### The data
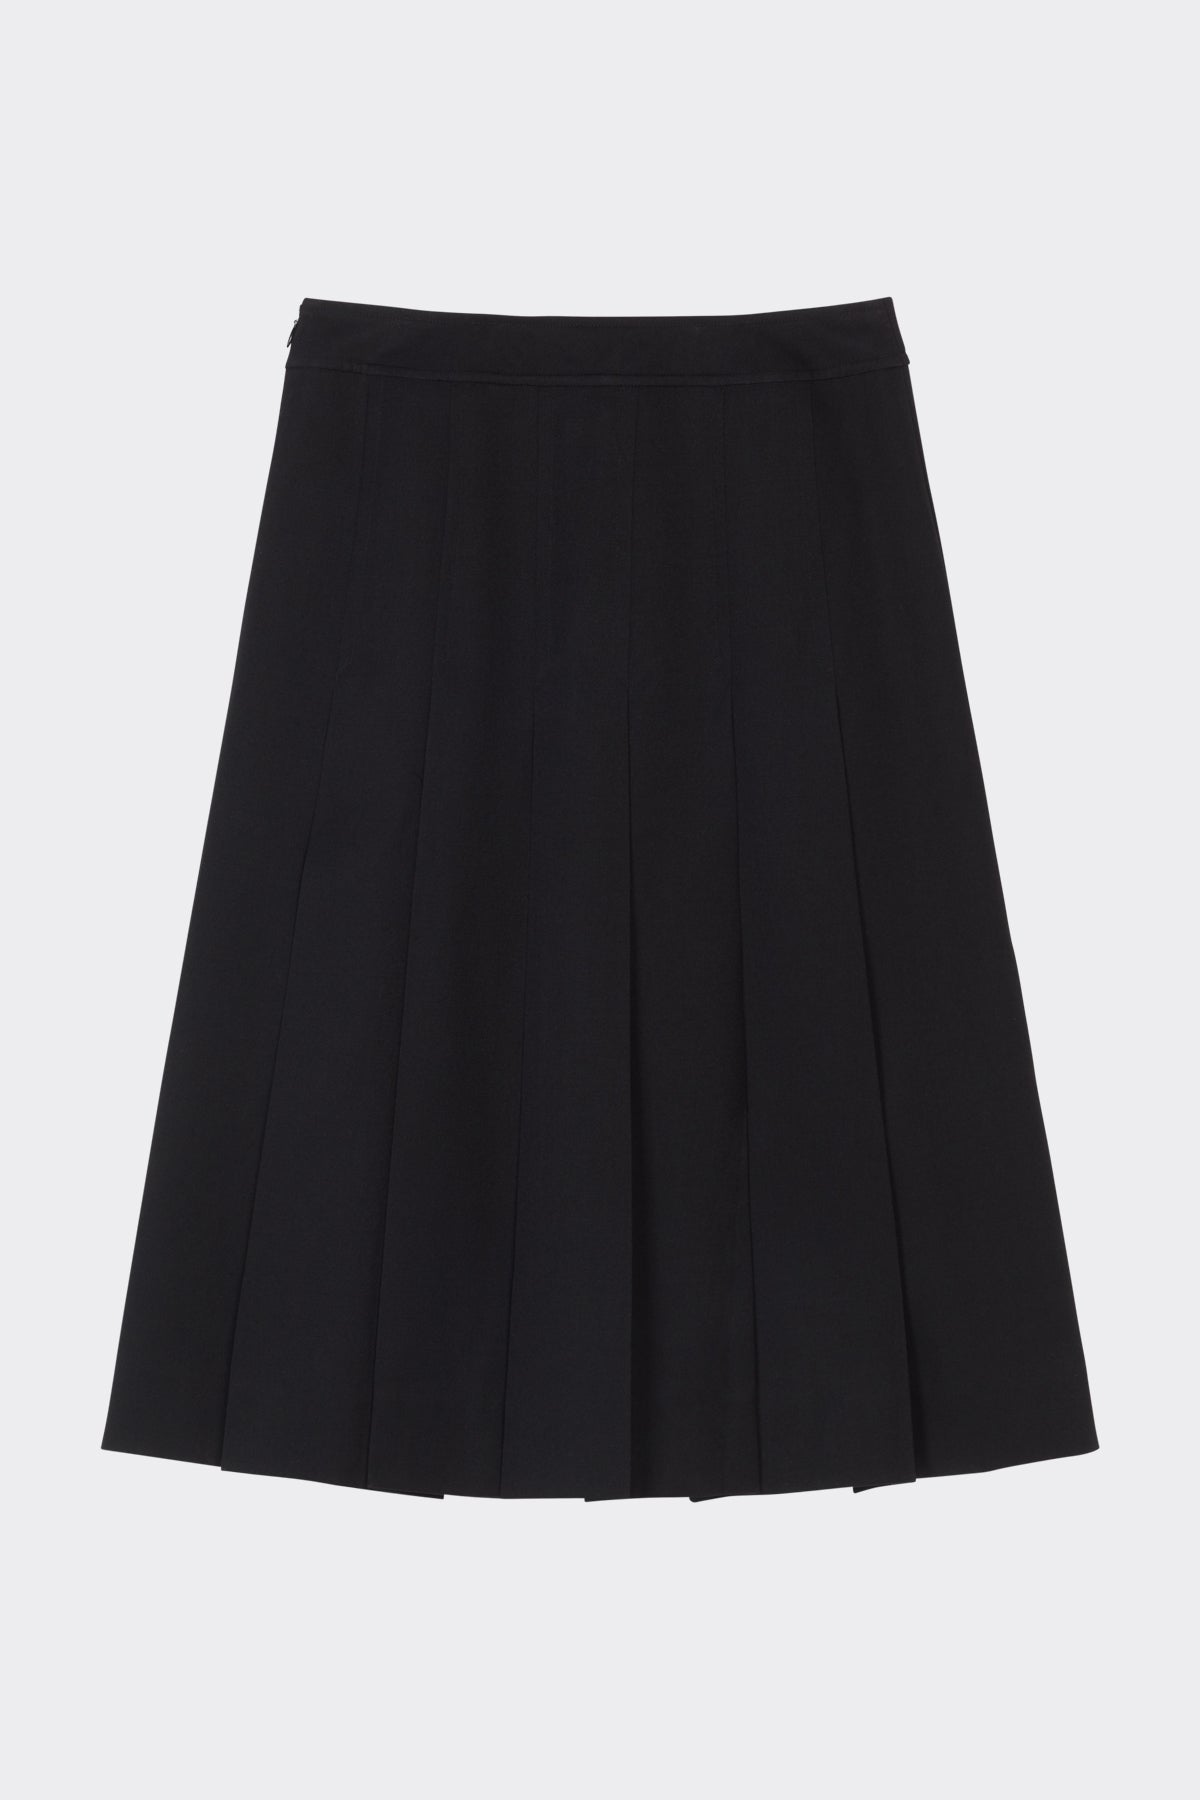 Cheri Skirt in Black | Noon By Noor
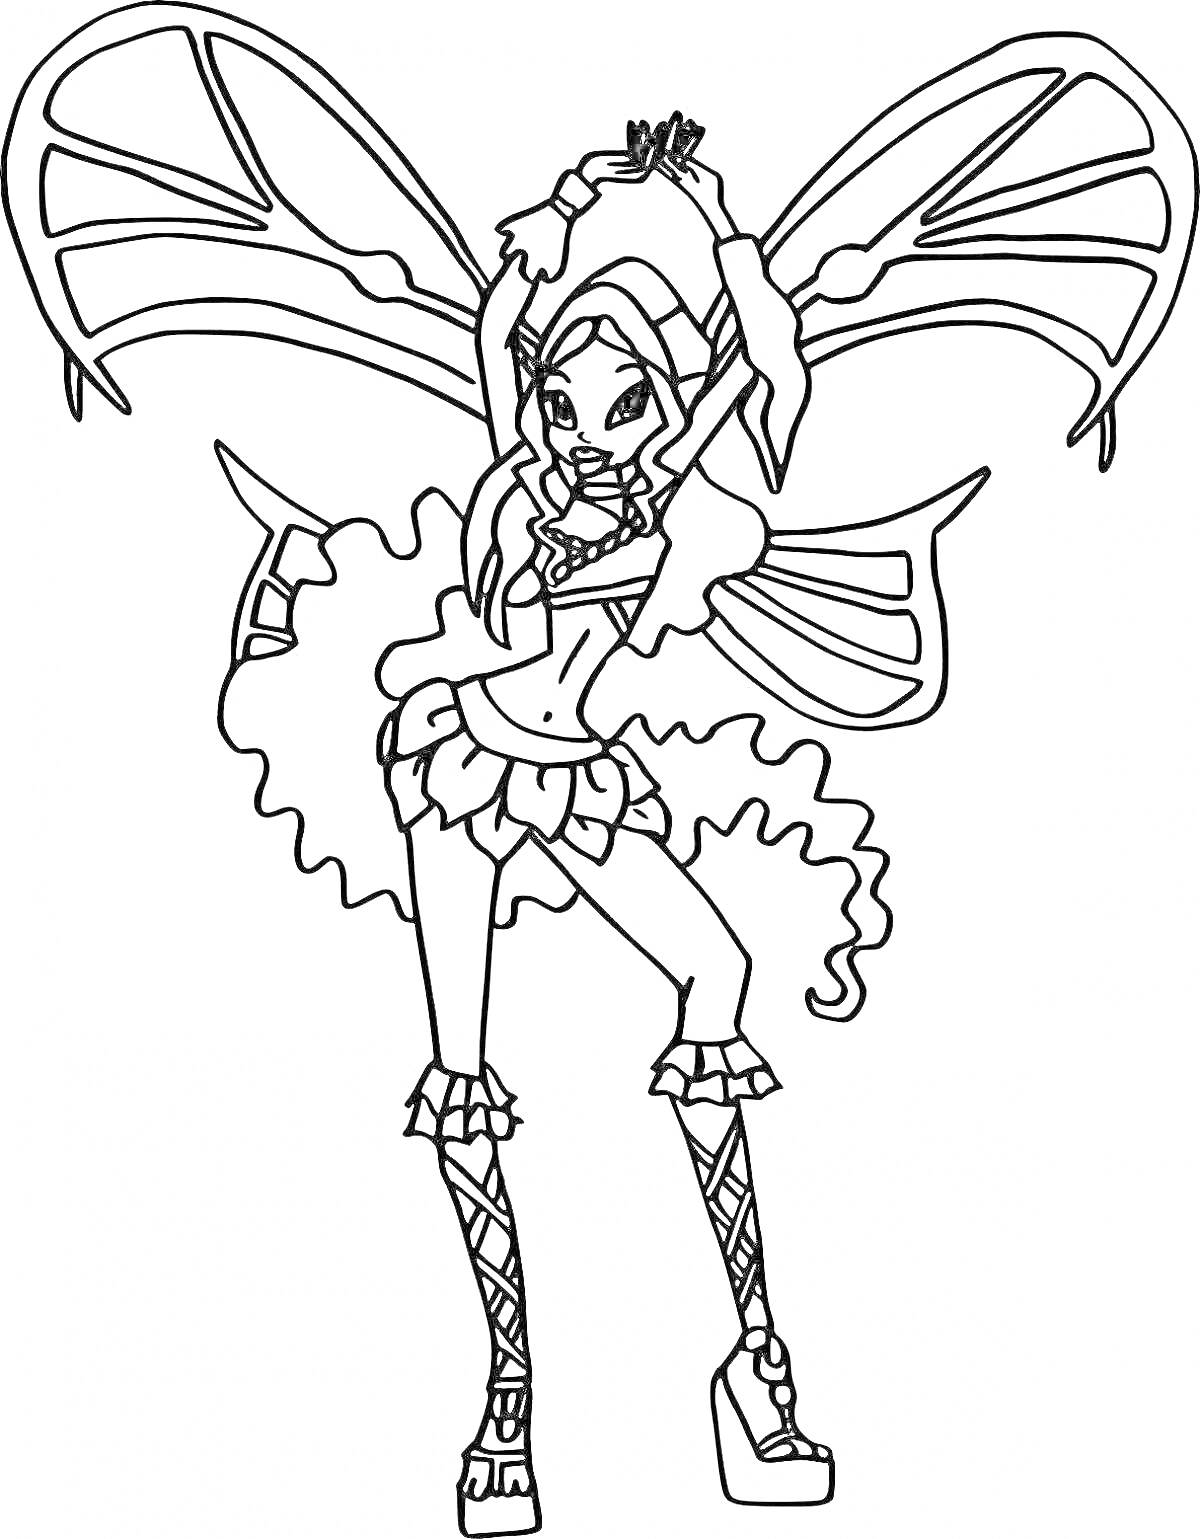 РаскраскаВинкс Лейла в трансформации Беливикс, в полный рост, с поднятыми руками, с крыльями, в одежде Беливикс, с длинными сапогами, волосы распущены
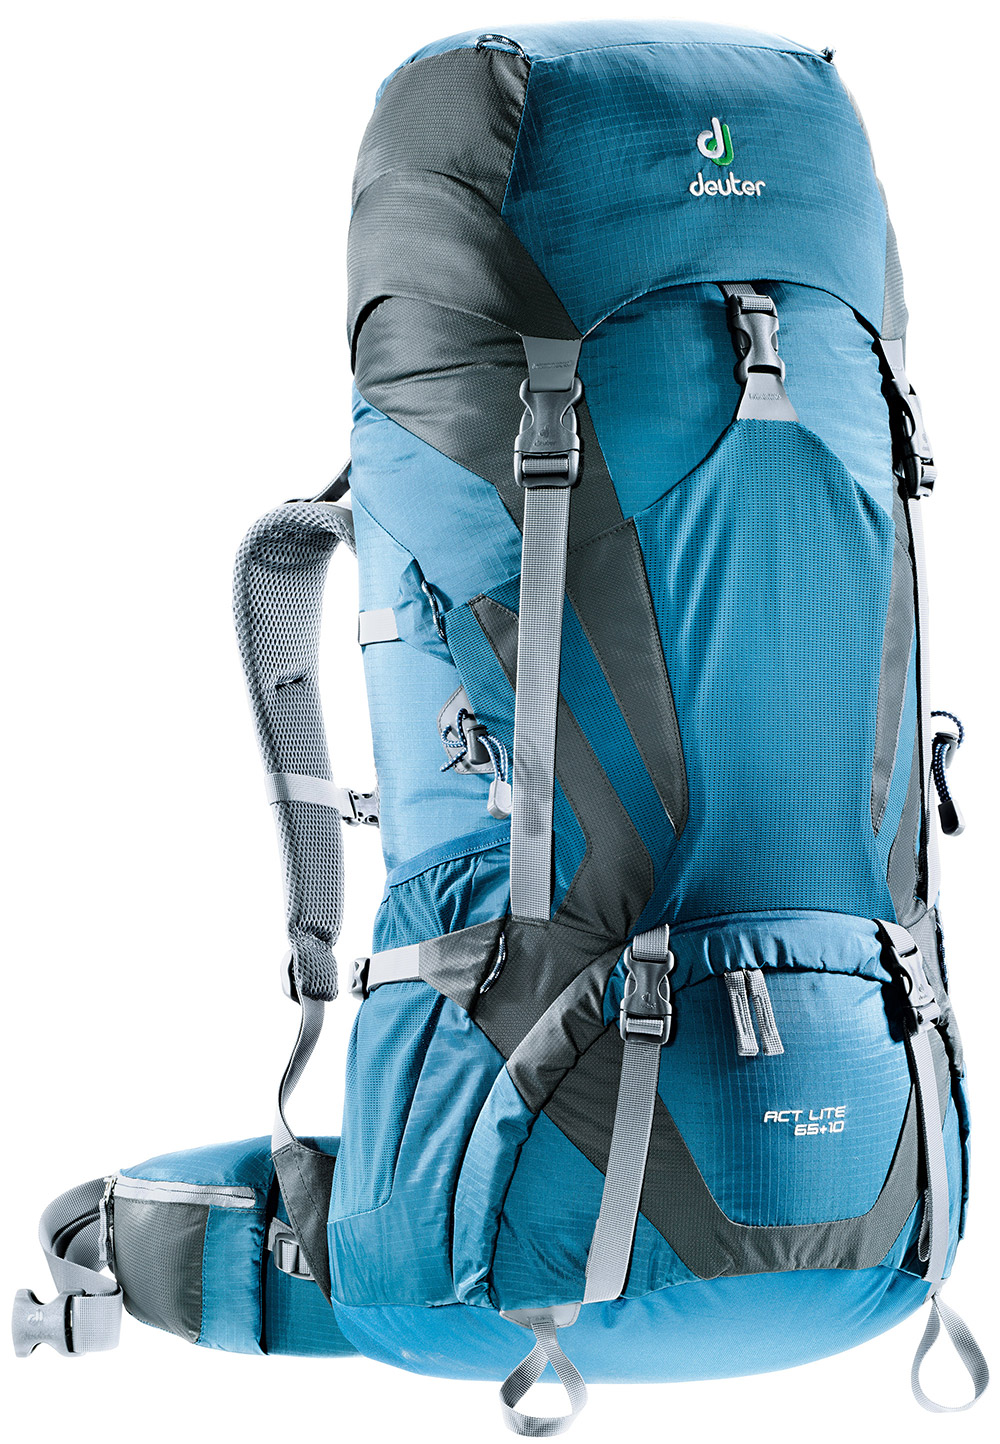 Backpacking Backpacks - Buy Or Rent Denver Ultralight Backpacks

### Exercise objective
Only the lines from the one containing "РаскраскаВинкс Лейла в" through the last line of the data belong in the copy, both included and reproduced exactly. Pictures do not.

### Problem solution
 РаскраскаВинкс Лейла в трансформации Беливикс, в полный рост, с поднятыми руками, с крыльями, в одежде Беливикс, с длинными сапогами, волосы распущены
 Backpacking Backpacks - Buy Or Rent Denver Ultralight Backpacks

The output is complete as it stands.